**WHAT TO PRODUCE**
Would you return the listing that follows exactly, leaving its pictures behind?

**PROVIDED DATA**

----

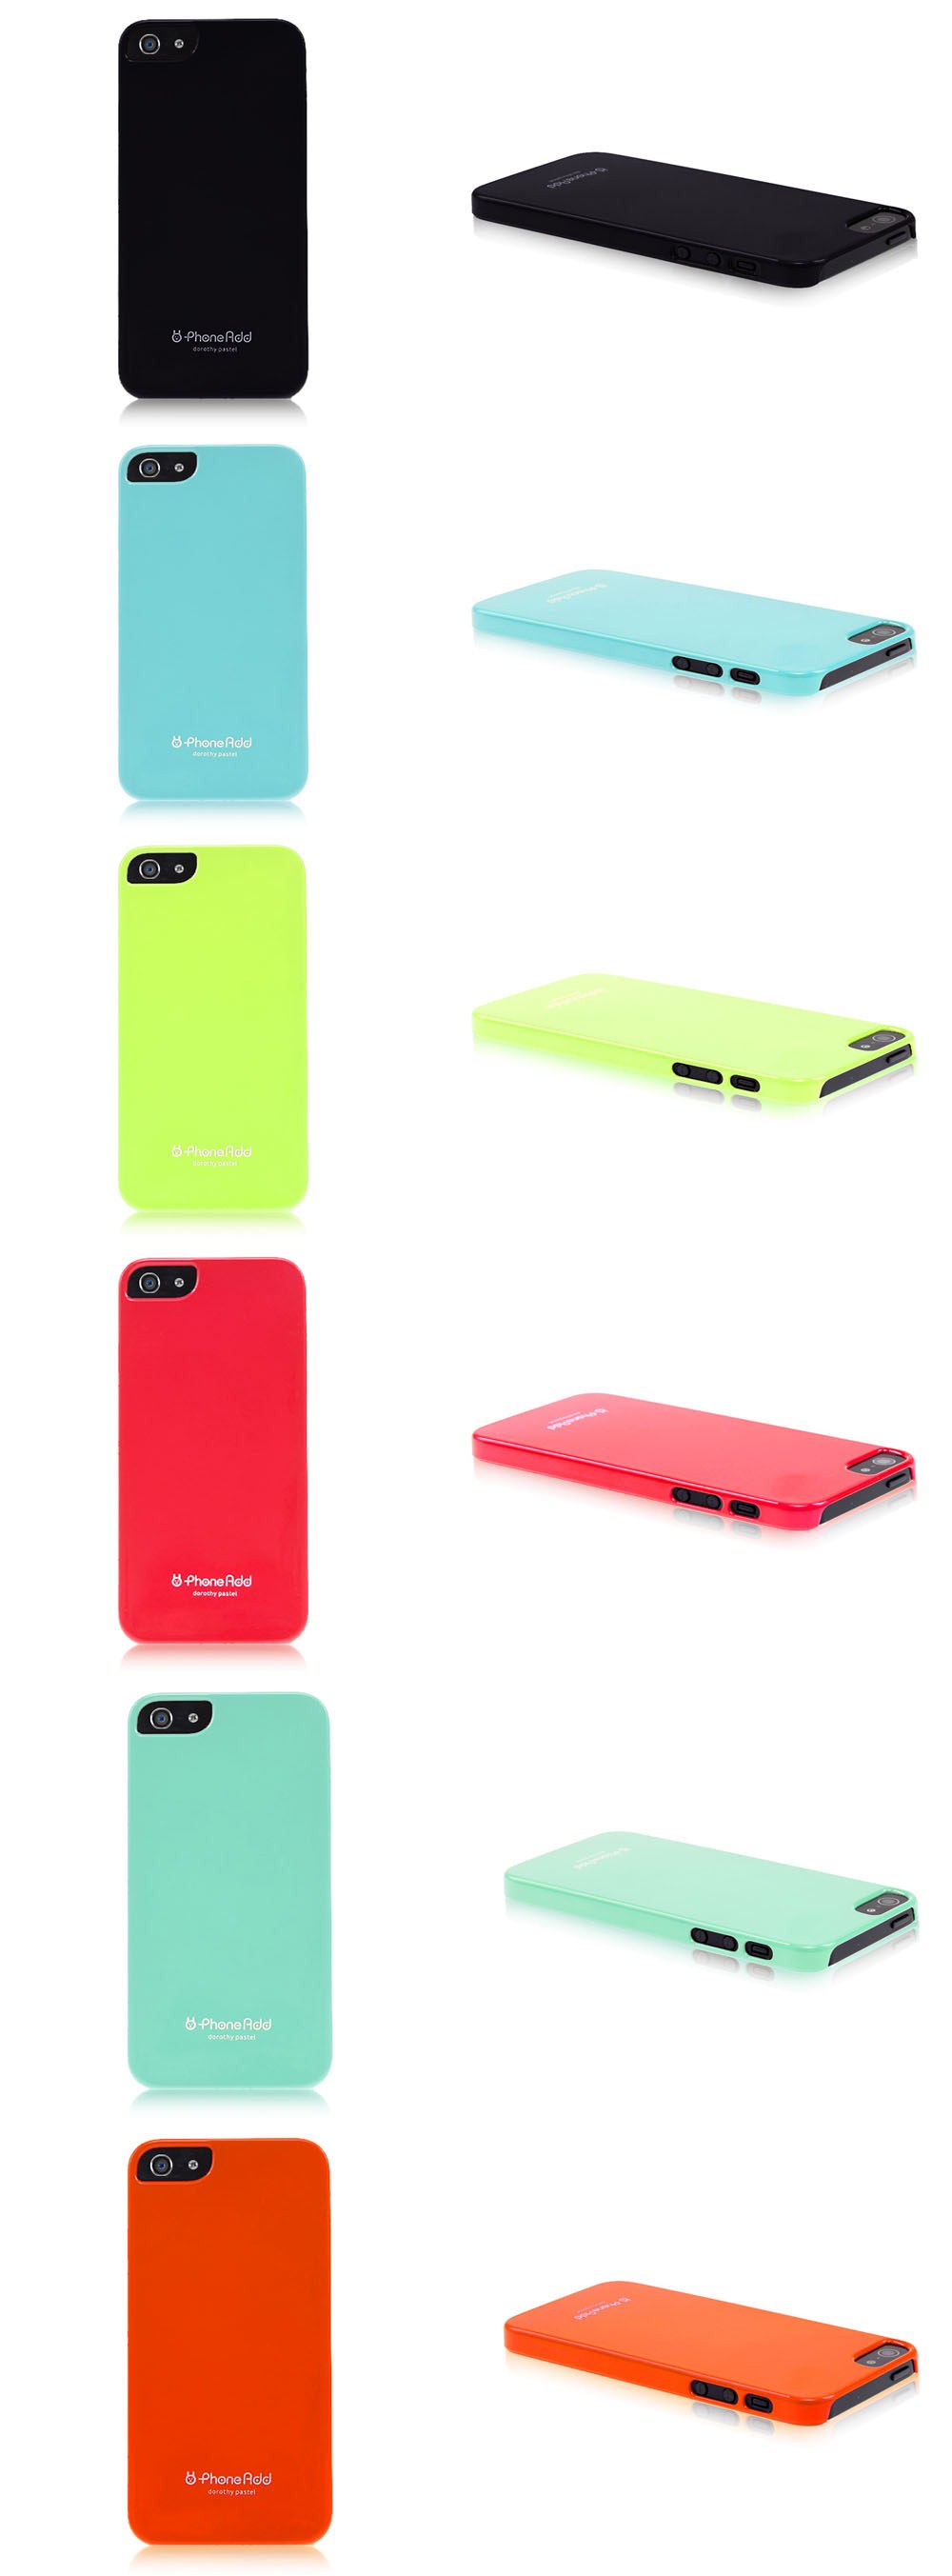 Colorful iPhone 5 Cases
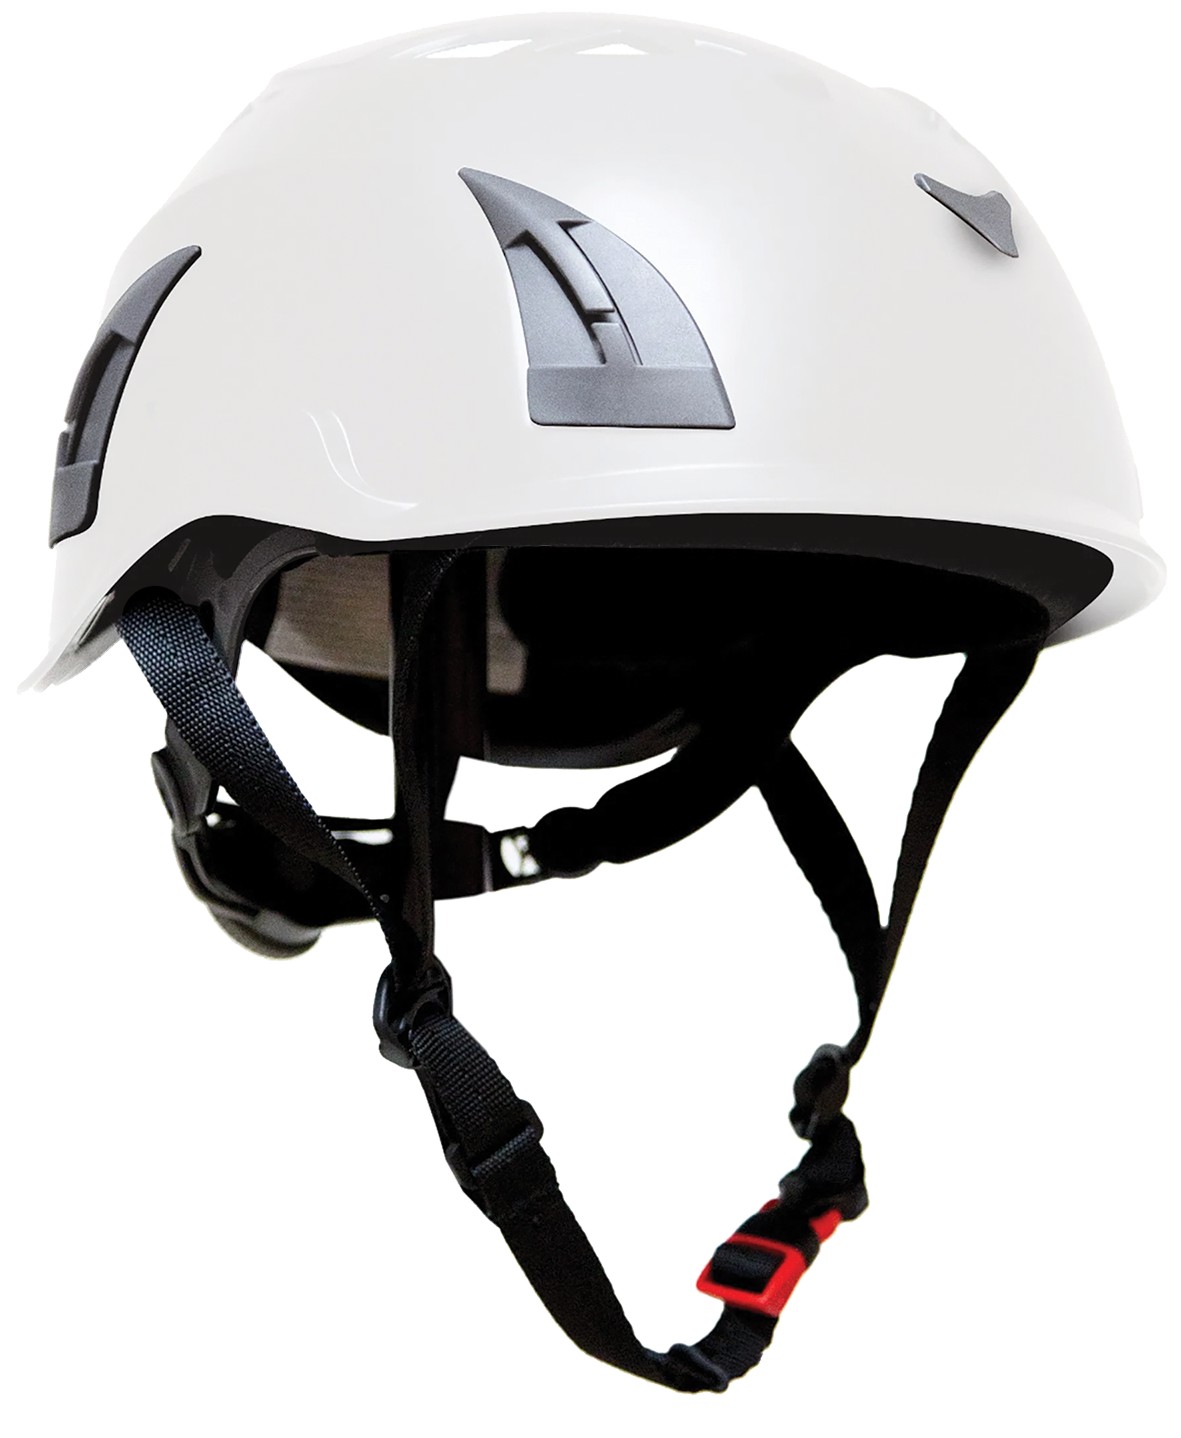 Armour Safety Products Pty Ltd. - Armour Ground Industrial Helmet – EN397
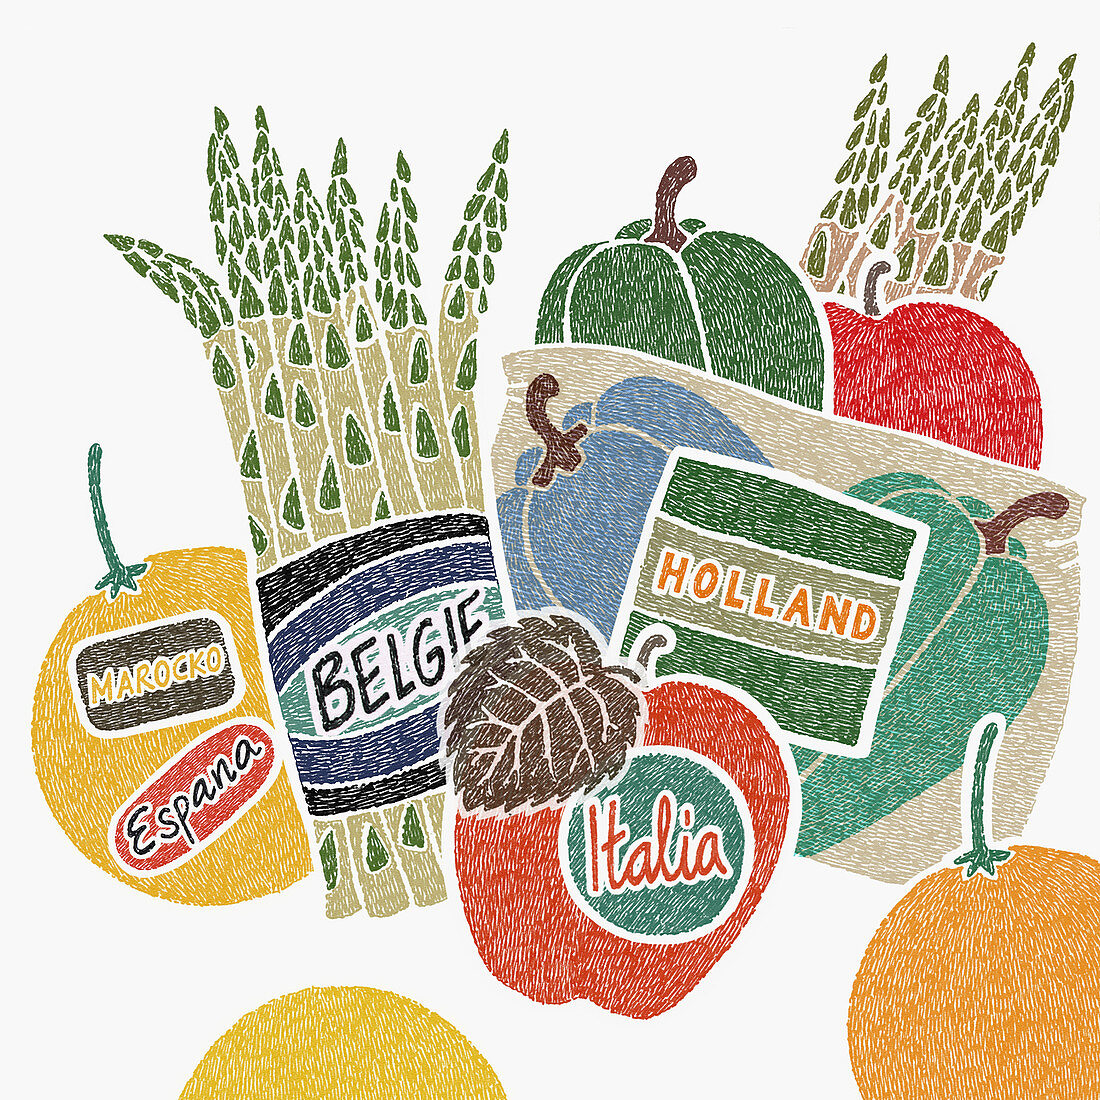 Food labels with country of origin, illustration

----

**EXERCISE OUTPUT**
 Colorful iPhone 5 Cases
 Armour Safety Products Pty Ltd. - Armour Ground Industrial Helmet – EN397
 Food labels with country of origin, illustration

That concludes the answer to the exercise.